30. One of the key witnesses for the prosecution was T. Maheswari Reddy (PW-21) who was supposed to have been travelling in the van along with certain others, who have not been examined, coming from the opposite side towards Daringibadi. According to her, one person on a motor cycle chased the van and when he neared it, he smashed the wind-shield glass of the van with a wooden lathi. She stated as under:

"1... The person who was following us by Herohonda motorcycle reached near our vehicle and stationed the vehicle (motorcycle) and he being armed with a wooden lathi had given several blows on the wind- shield glass of the vehicle and destroyed it..."

31. However, the IO himself has contradicted the above evidence by saying as under:

JCRLA No.77 of 2006 & CRLA No.432 of 2006 Page 15 of 23
"20. I did not find any mark of violence or damage of the wind shield glass or side glass of the said Maruti Van during the investigation..."

32. The person who is supposed to have followed in the van was himself examined as a prosecution witness. He was Dillip Kumar Naik (PW-5) who stated as under:

"On 13.9.2000 at 2.30 P.M. I picked up Bhabanisankar bus at Surada and went to Daringibadi in the said bus. When the bus reached near the spot and driver told that something has been happened and accordingly stopped the bus. We the passengers got down from the bus and saw the two dead bodies are lying on the road side being murdered. I also found one Hero Honda motor cycle lying at the spot. The driver of the bus told that a car passed through that route towards Surada at which I picked up the Hero Honda Motor cycle which was lying at the spot and followed the car and found the car was occupied by three gents and three ladies including the driver. On our enquiry, the occupants of the car told to have seen a scuffle between the accused persons in one hand and five to six on the other hand and out of fear they returned towards Surada. So I went to the police station taking the car with me. The Hero Honda motor cycle in which I came to police station was kept in the police station.

33. Yet, PW-21 does not identify PW-5 as the person who was seen at the spot attacking the deceased. PW-21 herself appears to be not saying the entire truth and her evidence does not inspire confidence. In particular her strange behavior of not disclosing to the villagers who arrived near the van when six persons were assaulting the two deceased by means of knife and sword or even telling the police about the occurrence appears to be odd. In her deposition, she states as under:

JCRLA No.77 of 2006 & CRLA No.432 of 2006 Page 16 of 23
"8. I did not disclose to the villagers arrived near our van while we were returning from the place of occurrence that six persons were assaulting two persons by means of knife and sword at a distance of 3 to 4 Kms. from Gajalbadi towards Daringibadi. I also did not (sic) disclose the police personnel at the place where our vehicle was stopped due to want of fuel that I have seen six persons were assaulting two persons by means of knife and sword at a distance of about 3 to 4 Kms from G Gajalbadi towards Daringibadi."
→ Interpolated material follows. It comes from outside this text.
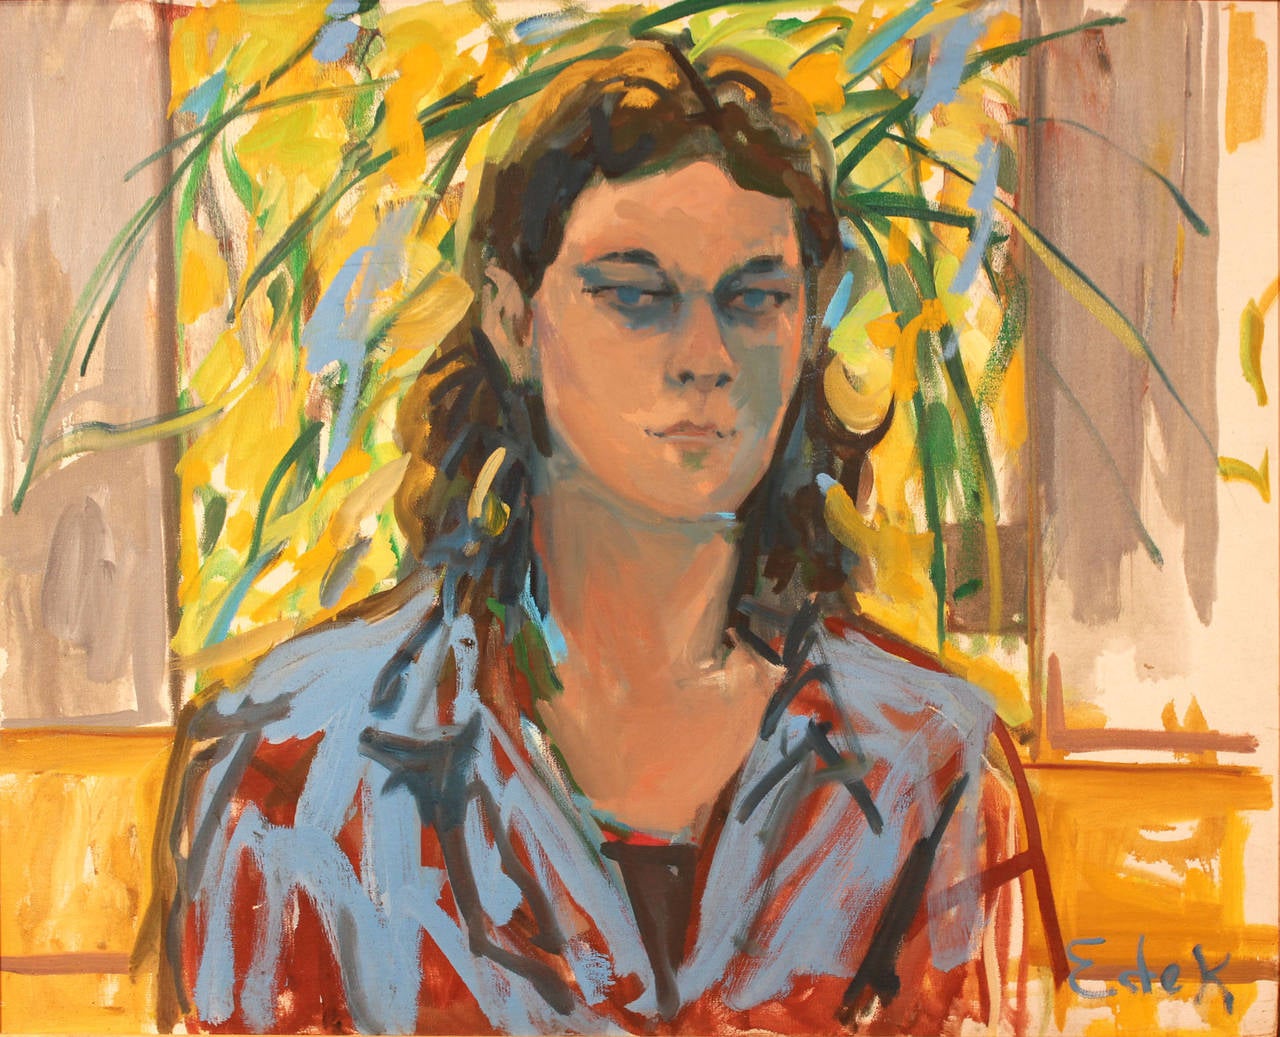 Elaine de Kooning Portrait Painting - Portrait of a Young Man

34. This kind of behavior of a PW creates doubts about the credibility of her testimony. For instance, in Shankarlal v. State of Rajasthan (2004) 10 SCC 632, the unreliability of a person who could be termed as a purely 'chance witness', which is what PW-21 was, led to acquittal of the accused in that case.

35. Then again, there are glaring discrepancies when one compares the depositions of PW-5 the person who was supposed to have chased the van in a motorcycle and the evidence of PW-21 herself. These are the serious contradictions which appear to have been missed by the trial Court and throw grave doubts on the case of the prosecution. The circumstance of the arrest of the accused and their identification by PW-21 thus becomes doubtful. This was one of the key circumstances pointed out by the trial Court. This circumstance cannot be said to have been proved by the prosecution beyond reasonable doubt or even convincingly.

36. The absence of blood on the seized weapons is significant, particularly, since the knife used in the commission of the offence JCRLA No.77 of 2006 & CRLA No.432 of 2006 Page 17 of 23 was in fact recovered from the spot. It is another matter that these were not kept in a sealed condition after such recovery.

37. The mere presence of blood on the wearing apparels is by itself not sufficient since it is not shown to be of a blood group belonging to the deceased. In State v. Rajamani 2013 SCC OnLine Mad 340, the Madras High Court rejected the recovery evidence on the ground that there was no blood stain on any other weapons and therefore the prosecution had failed to link them in the crime. To the same effect, the decision of the Orissa Court in Mahendra Bhoi v. State of Odisha (2021) SCC OnLine Ori 1981, it was observed as under:

"13. In the present case, it is not proved by prosecution that the human blood found on the wearing apparels of the accused is the blood of the deceased. As mentioned earlier, the blood stains noticed on the axe as well as on the wearing apparels have not been established on record to be of the deceased only. The chemical examination report under Ext.16 speaks clearly on this aspect. When the blood patches or smears have not been proved to be that of the deceased, then drawing an adverse presumption against the Appellant is not permissible."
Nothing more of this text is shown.